We're your camp counselors. I'm Katie. And I'm Whitney.
And we're here to tell you a true story that is way stranger than fiction.
We're roasting murderers and marshmallows around the true crime campfire.
In part one last week, we introduced you to the strange world of Marcel Pettio,
doctor, failed politician and serial killer in wartime.
Paris. The horrific discovery of dismembered bodies at Dr. Petio's mansion had triggered a massive
manhunt, and we're going to pick up the police investigation now in part two of the
People's Monster, a serial killer in the city of light.
A quick note, Katie is sick today, so I'm going to be tackling this one all by myself.
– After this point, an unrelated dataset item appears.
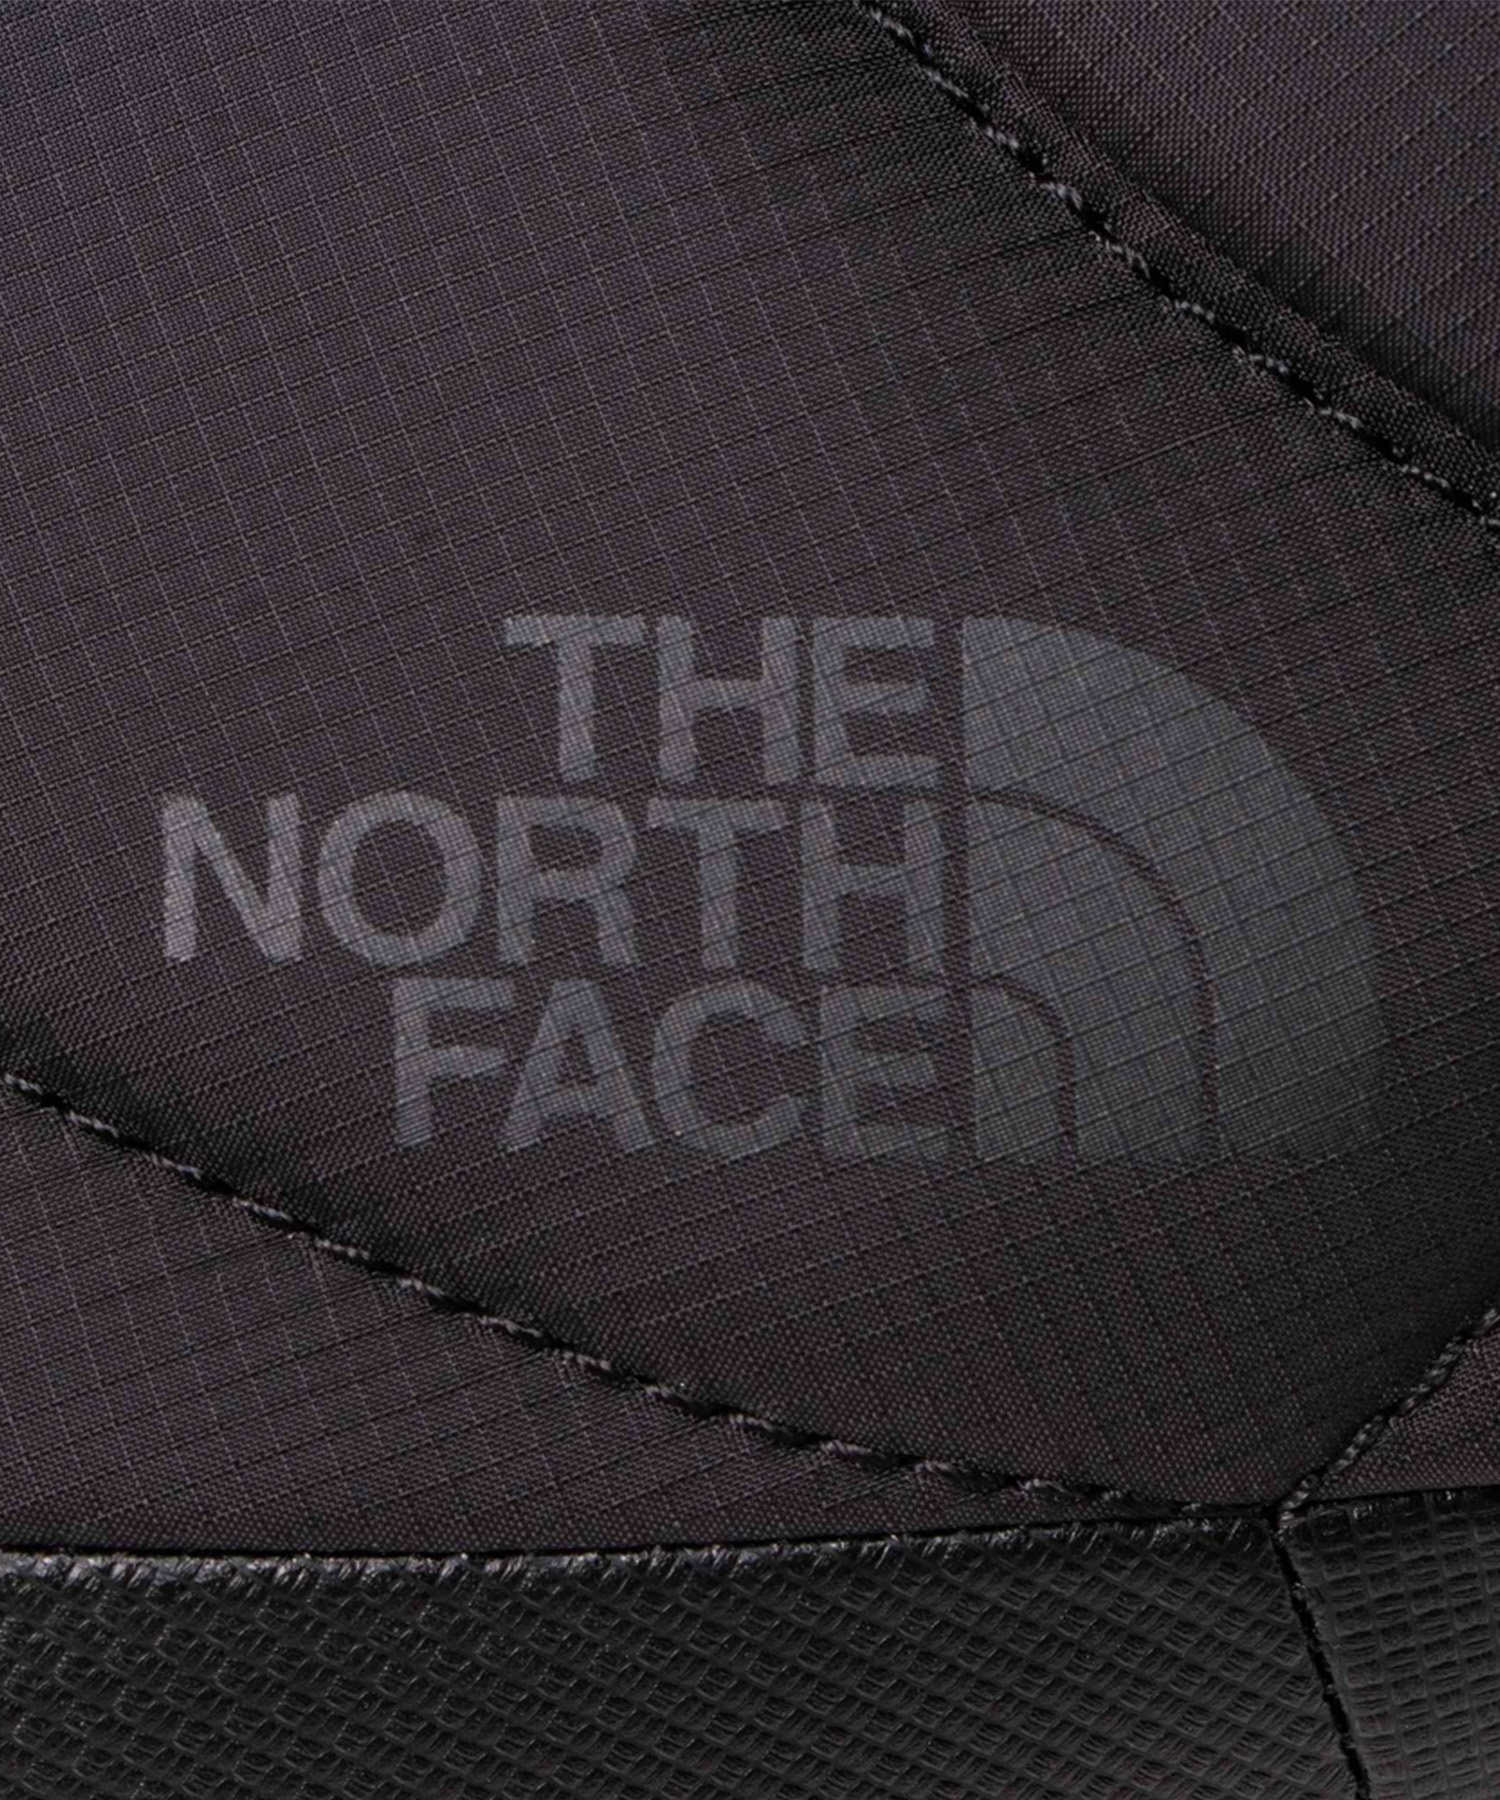 THE NORTH FACE/ザ・ノース・フェイス Nuptse Bootie WP VII ヌプシ ブーティー ウォータープルーフ 7 メンズ ブーツ 防水 防寒 軽量 NF52272 BK(BK-23.0cm)

I'm
or we'll all miss her.
So the lead investigator of the petio case was commissaire Georges Victor Massou,
a stocky mustache dude who would often bring his 20-year-old son Bernard with him on investigations,
which already sounds like the setup for one of those cozy BBC mystery series like Inspector Morse.
I love those shows, oh my God.
But Masu probably regretted bringing the kid along when he got to the horror scene in the basement
of the property on Rueh-la-sur, which he would later describe as something from
Dante's Inferno.
We described the bizarre horrors of Dr. Petio's mansion last week, and keeping that in mind,
it might surprise you to hear that Missou did not immediately send officers over to Petio's
apartment to try and nab him before he could skip town.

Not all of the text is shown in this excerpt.